Your task is to transcribe all of the data below exactly, omitting the images.

------ INPUT DATA

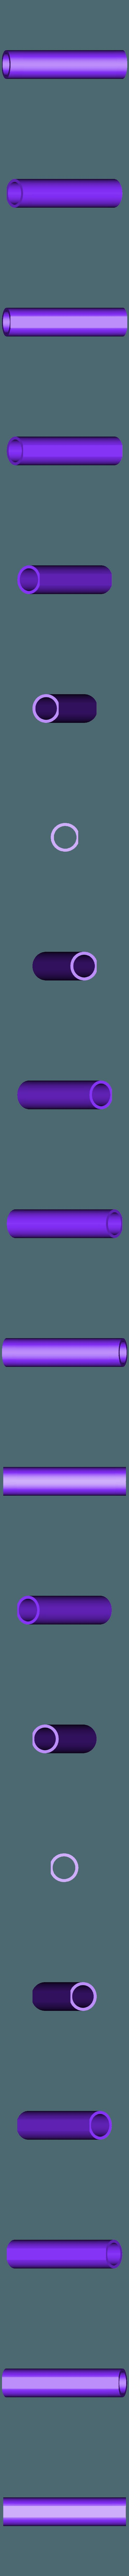 Barell_BR.stl Télécharger fichier STL gratuit Borderlands Bandit Room Clener Shotgun • Modèle pour impression 3D, Dsk
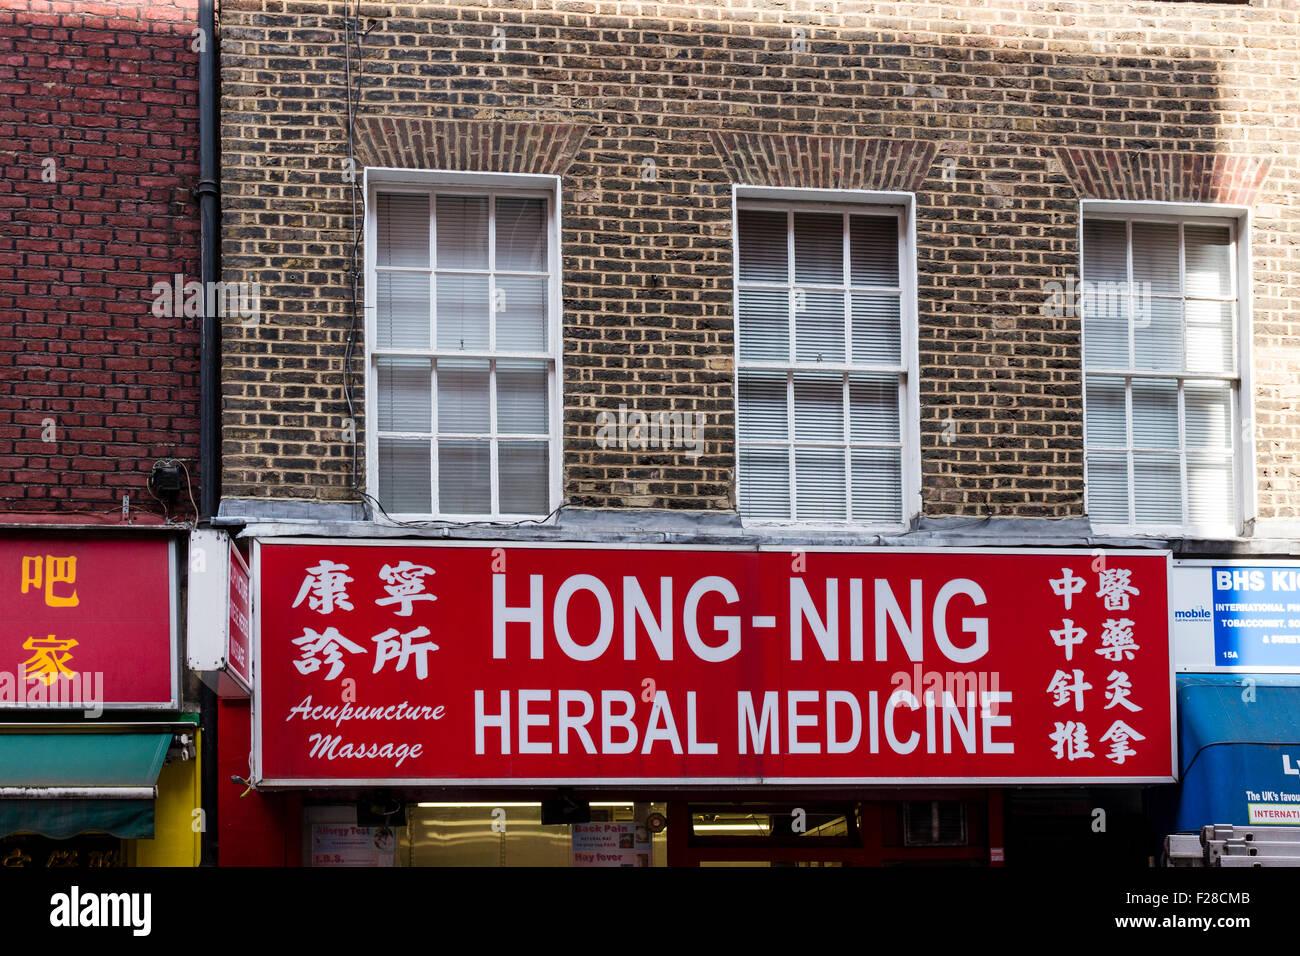 Hong-Ning Herbal Medicine Store, China Town London - Stock Image
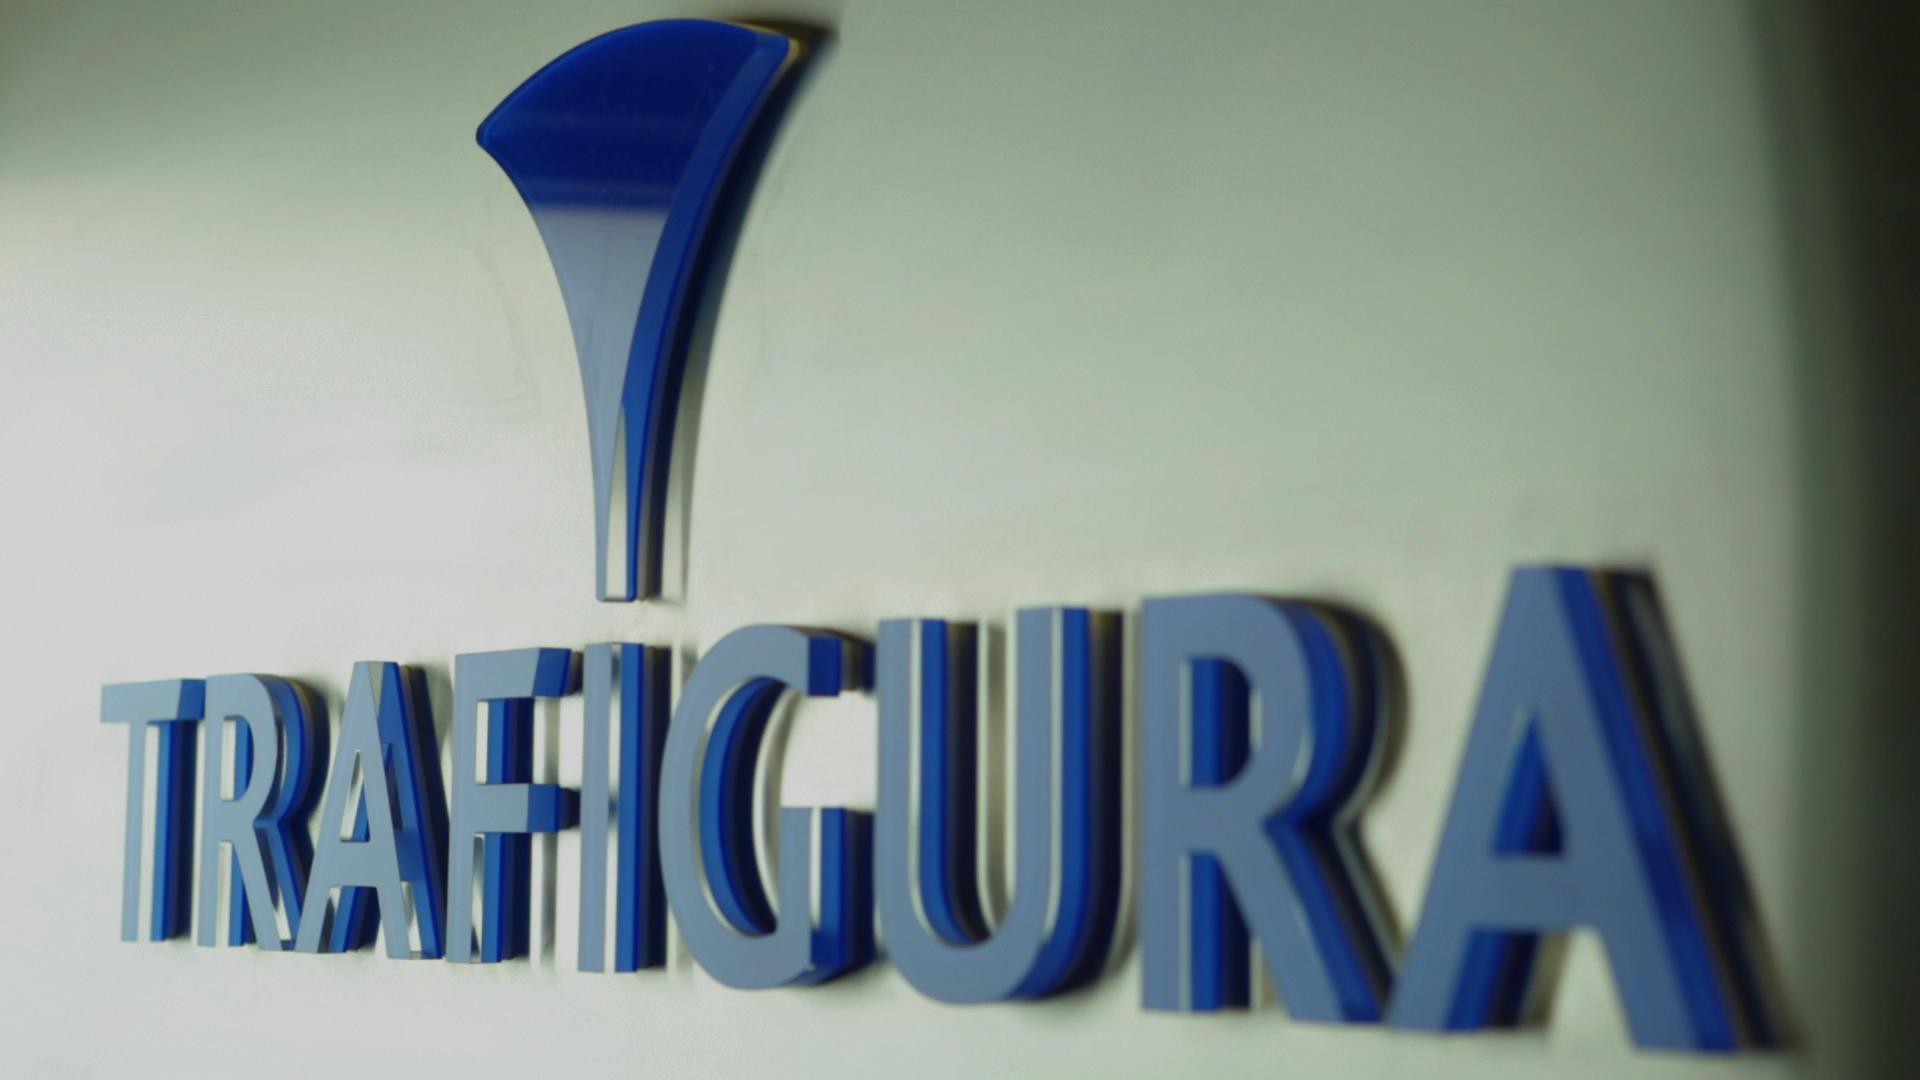 Global Markets: Trafigura Leads The U S  Oil Export Boom
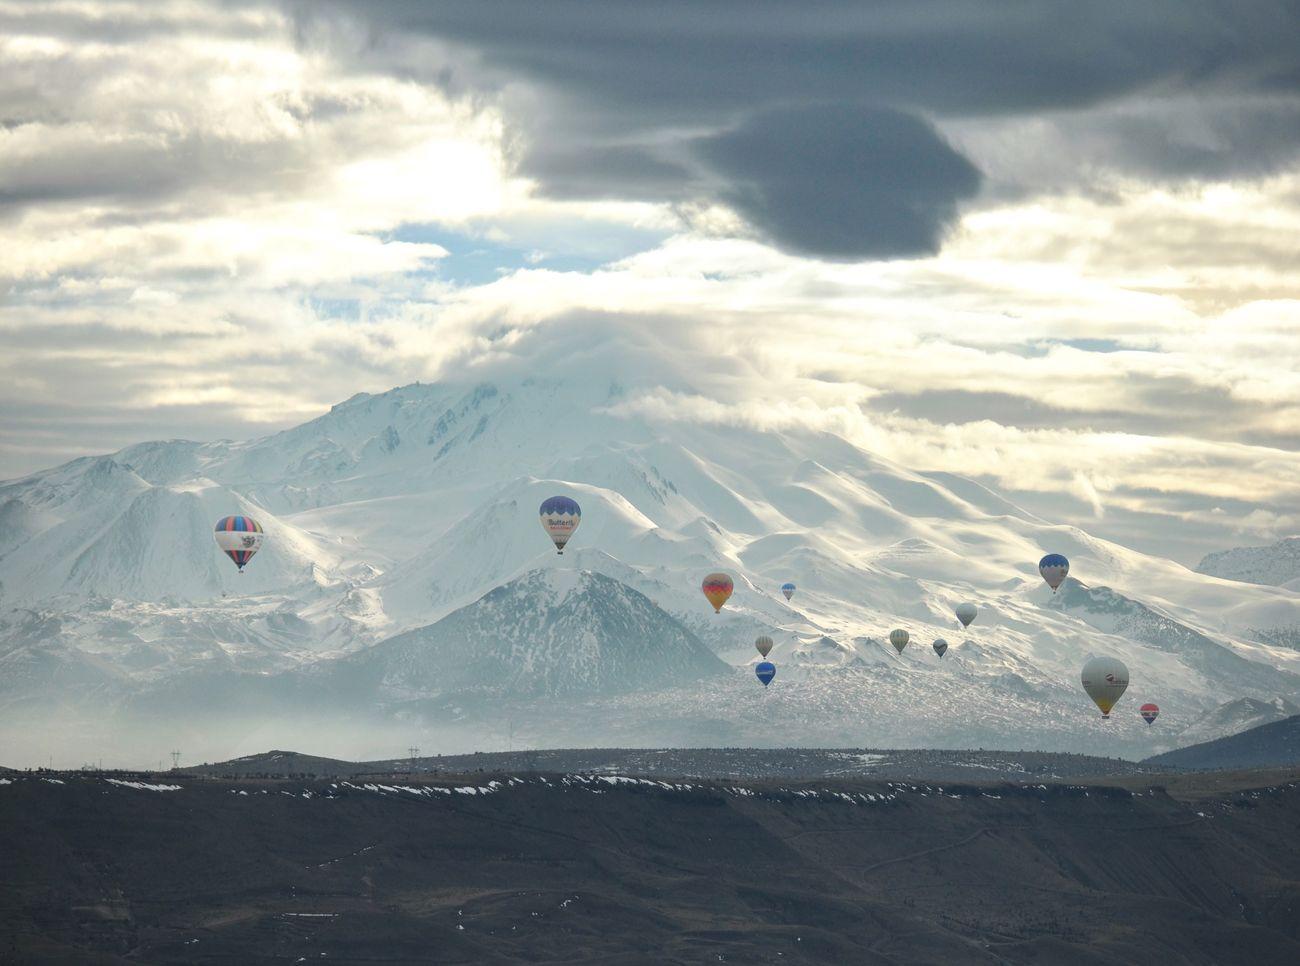 Hot air balloons flying against sky at cappadocia during sunrise
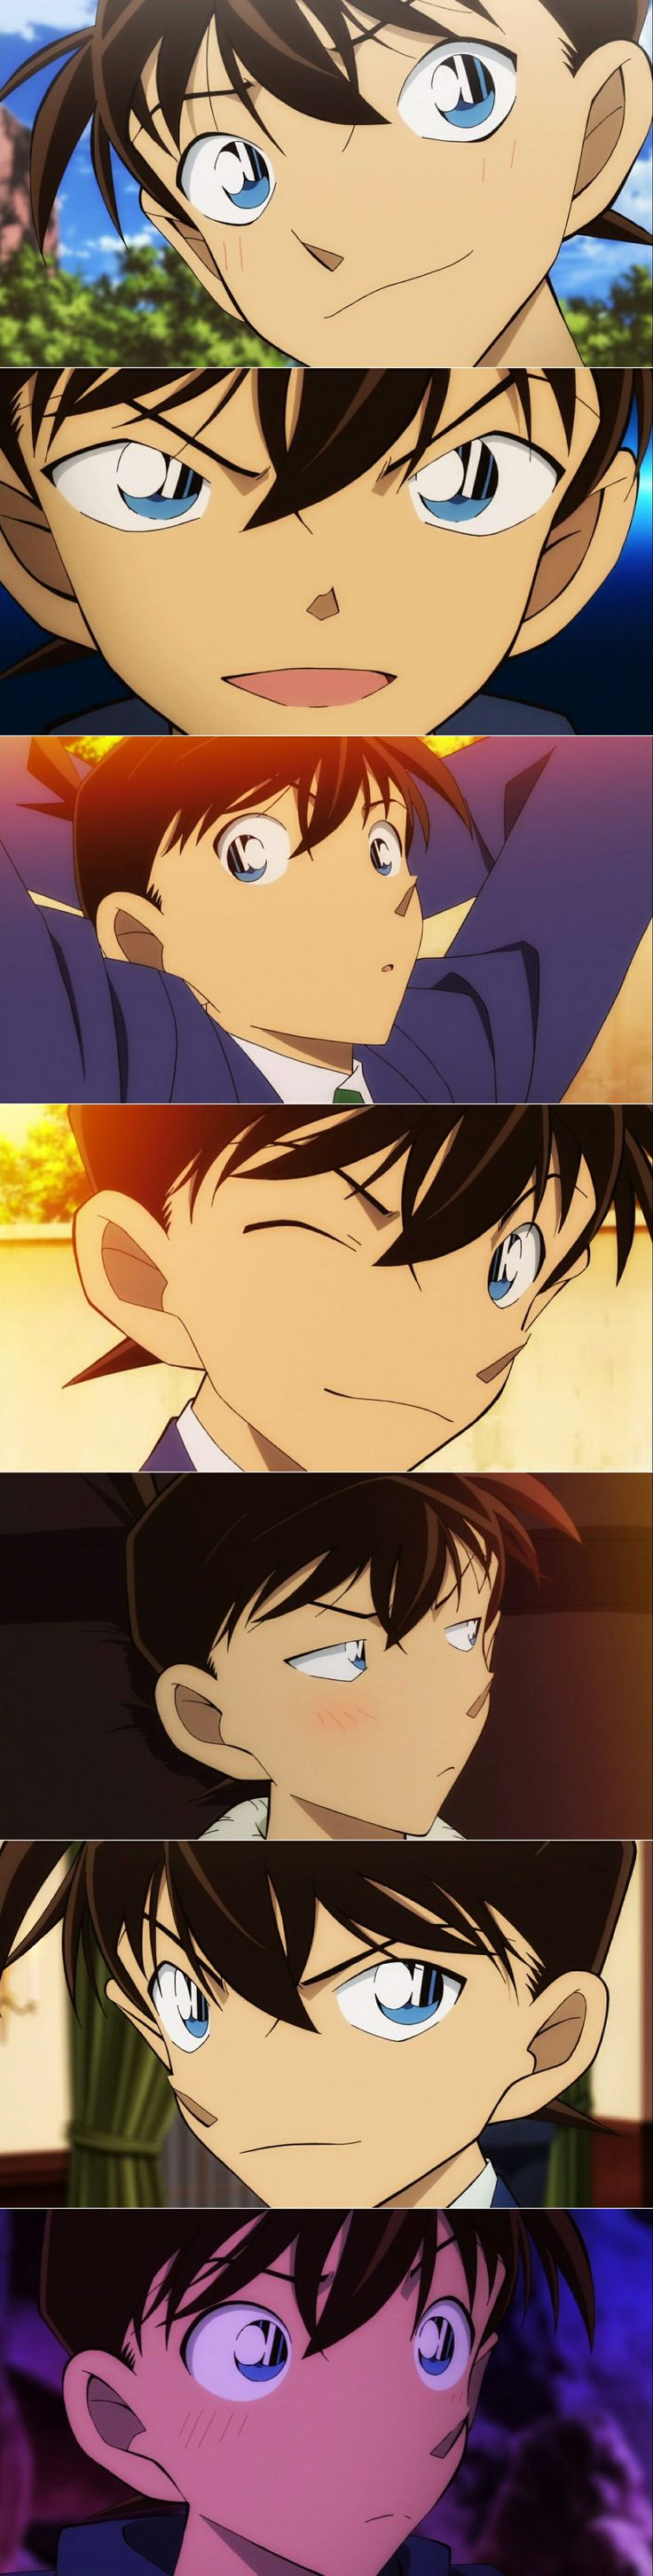 ♥@CharmingMystery♥: Best of Shinichi ;)

------------

§ ANSWER TO THE EXERCISE
 Barell_BR.stl Télécharger fichier STL gratuit Borderlands Bandit Room Clener Shotgun • Modèle pour impression 3D, Dsk
 Hong-Ning Herbal Medicine Store, China Town London - Stock Image
 Global Markets: Trafigura Leads The U S  Oil Export Boom
 Hot air balloons flying against sky at cappadocia during sunrise
 ♥@CharmingMystery♥: Best of Shinichi ;)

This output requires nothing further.